Percebe também quão distante está do marido, e da forma como a vê e compreende que ele nunca a percebeu bem, mesmo quando namoravam e se escreviam, porque ele estava na guerra:
"Ele continua a dirigir-se a mim através de uma imagem que já não me reflecte. Nada do que aconteceu nestes anos arranhou essa imagem: talvez porque nunca mais falámos como quando namorávamos, só de nós, daquilo que acontecia no nosso íntimo." (pg. 94)
O caderno obriga-a a uma reflexão e a uma introspeção que, provavelmente, se não o escrevesse, não faria:
"Se calhar é preciso ser quase velha e ter filhos crescidos, como eu tenho, para compreender os próprios pais, e, espelhando-nos neles, compreender um pouco mais sobre nós próprios (...) Até agora, por causa da nossa forma de conversar, parecia-me que nunca nos tínhamos compreendido." (pg.57)
"Se calhar as mulher habituam-se mais depressa às situações novas, pensam menos, em geral, e por isso aceitam-nas sem as justificarem." (pg. 79)
E é uma mulher diferente que escreve pela última vez o caderno proibido, não só pela forma como se vê a ela própria, mas também pela forma como vê os outros:
"À noite, quando nos sentamos todos juntos à mesa, parecemos claros e leais, sem insídias; mas sei agora que nenhum de nós se mostra como verdadeiramente é, escondemo-nos, camuflamo-nos todos, por pudor ou por despeito."
Decide queimar o caderno, porque não quer que o descubram, em particular a mulher do filho, Marina. " (...) Todas as mulheres escondem um caderno negro, um diário proibido.
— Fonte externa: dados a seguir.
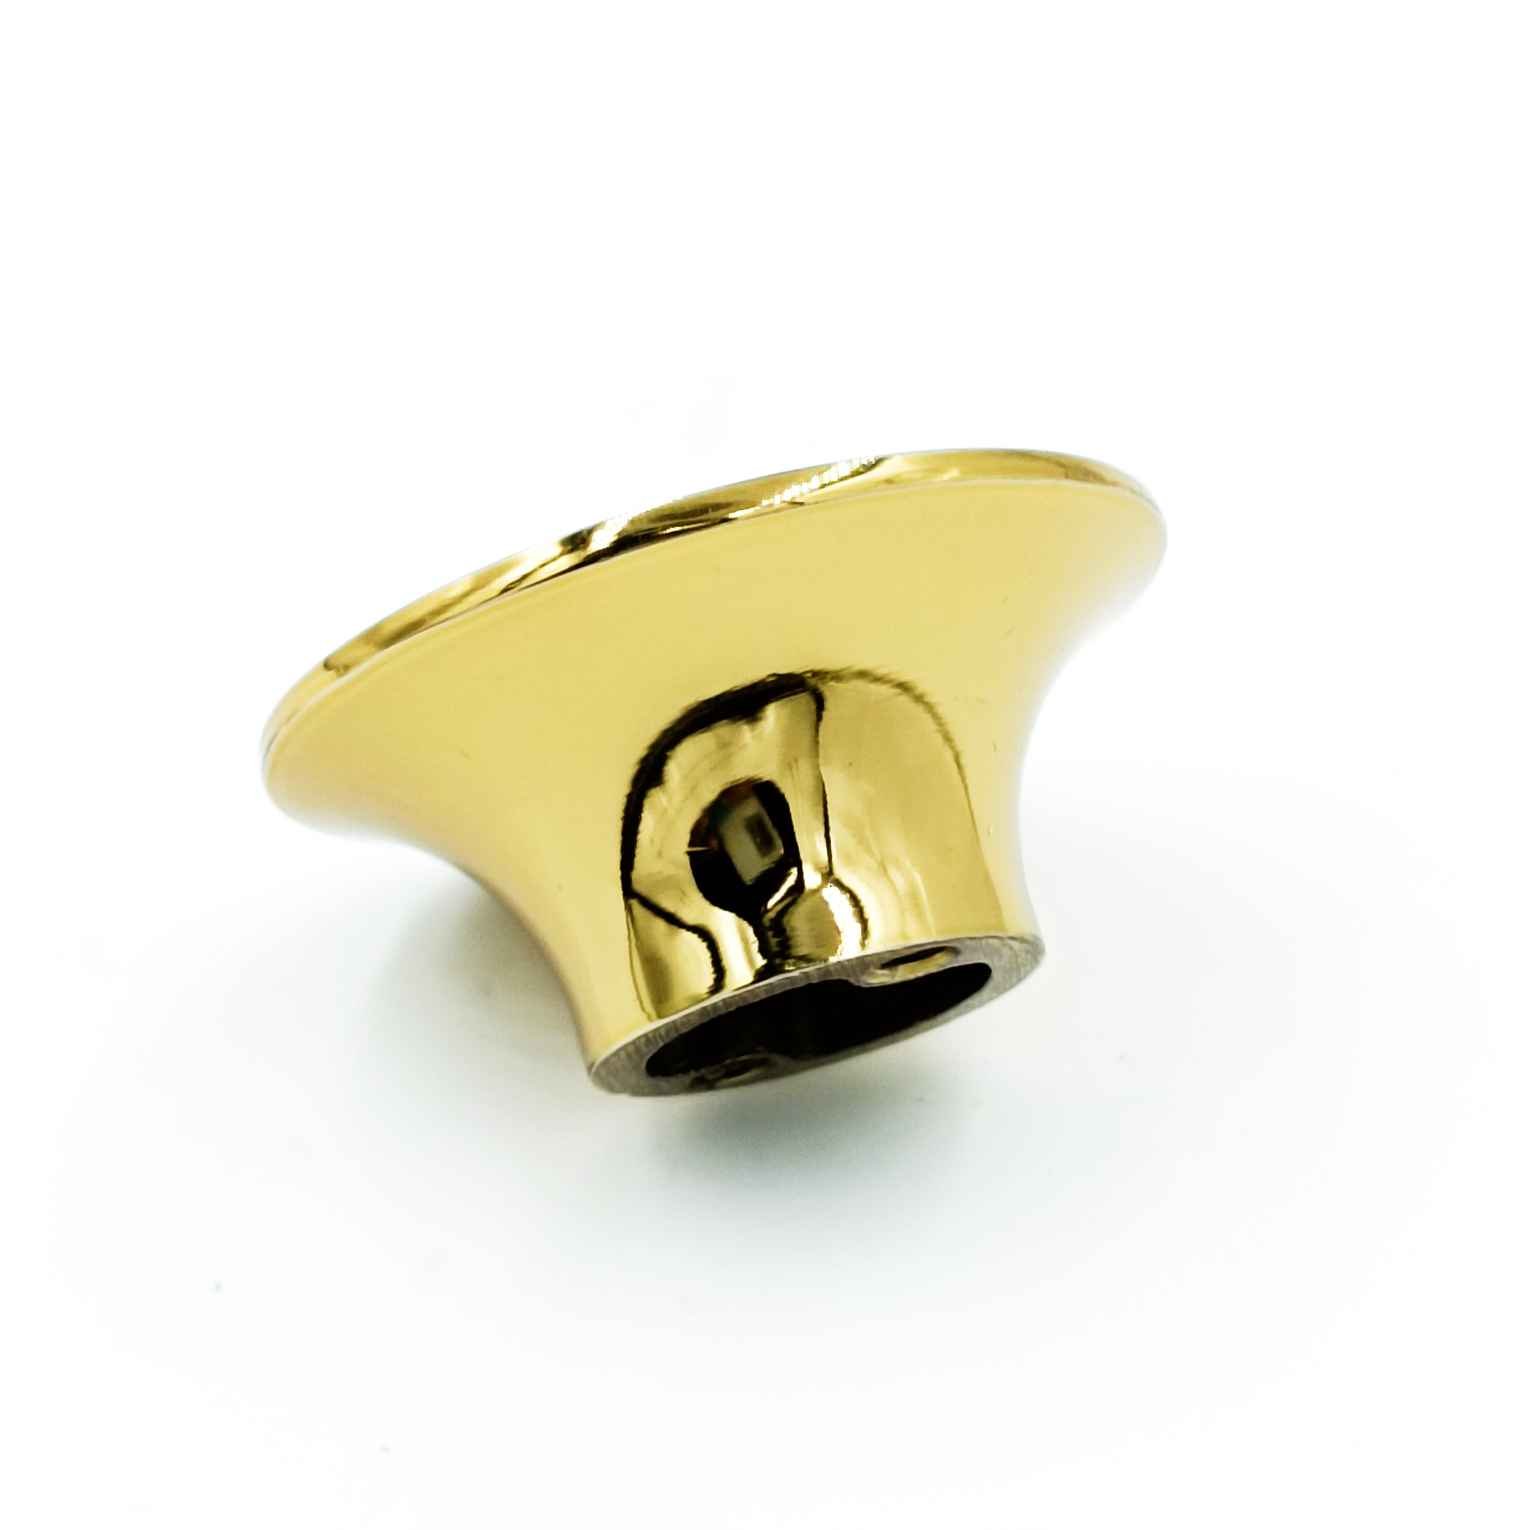 Fancy Drawer knob round 2 inch DK207 Antique/gold,Black,Gold/white

E todas têm de o destruir."
E pergunta onde terá sido mais sincera, se no que escreveu, se nas suas ações. O fim do caderno será, provavelmente, o seu momento de resignação à vida que levava, brevemente interrompida pela escrita do caderno.
Enquanto lia, as imagens que se formavam na minha cabeça, eram as das ruas de Nápoles quando vimos no filme de Paola Cortellesi, Ainda temos o amanhã. Valeria podia morar na rua em frente.
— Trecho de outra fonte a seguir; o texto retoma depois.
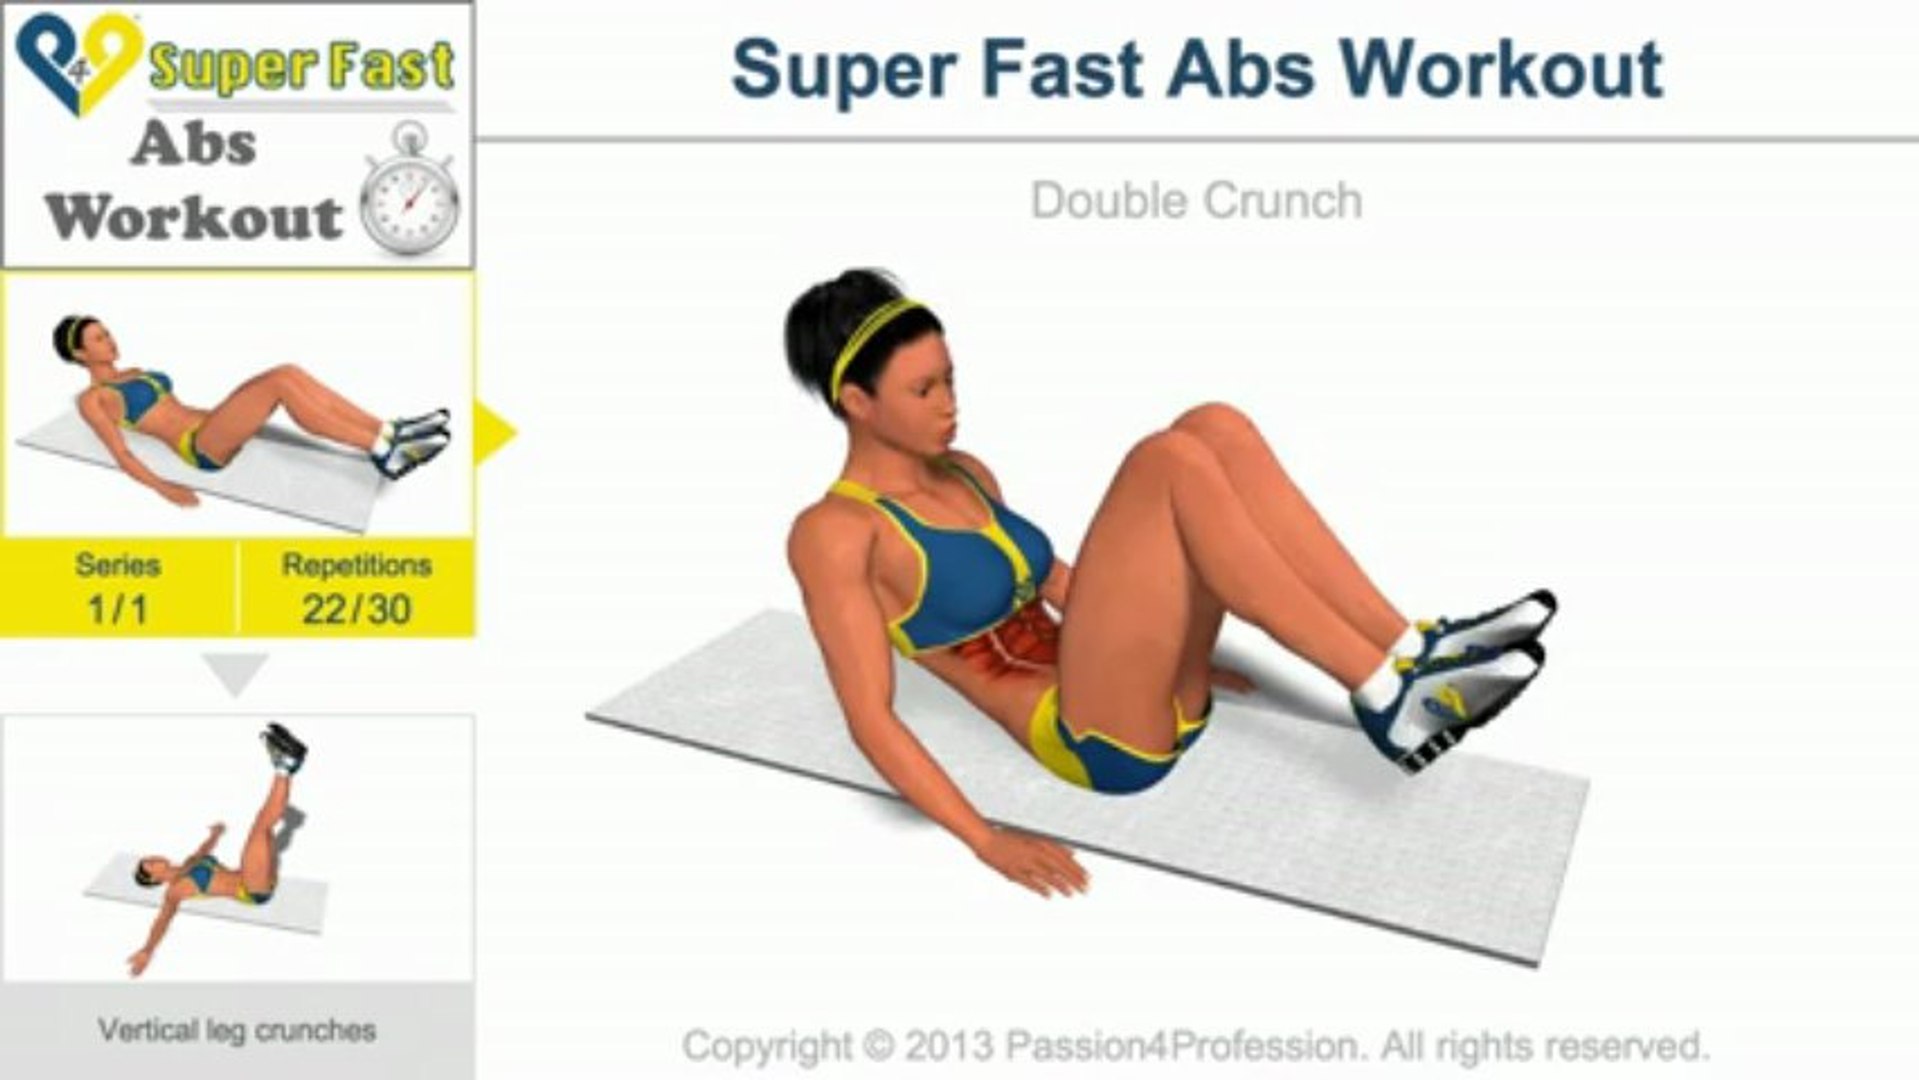 Пресс 1 уровень. P4p пресс 1 уровень. Vertical Leg Crunches упражнение. ABS Workout Level 1. P4p ABS Workout Level 1.

Não conheço mais livros de Alba de Céspede mas fiquei curiosa com o que li sobre ela: foi jornalista, autora de romances, crónicas e do guião de As Amigas, de Antonioni. Espero que outras obras de Alba de Céspede (que tinha dupla nacionalidade, italiana e cubana, e era neta de Carlos Manuel de Céspedes que proclamou a independência de Cuba em 1868 e pôs fim à escravatura no país) sejam agora traduzidas para português.
O caderno proibido já tinha sido traduzido para português e publicado em Portugal em 1972. Desconheço se terá tido sucesso então. Foi agora traduzido por Ana Cláudia Santos.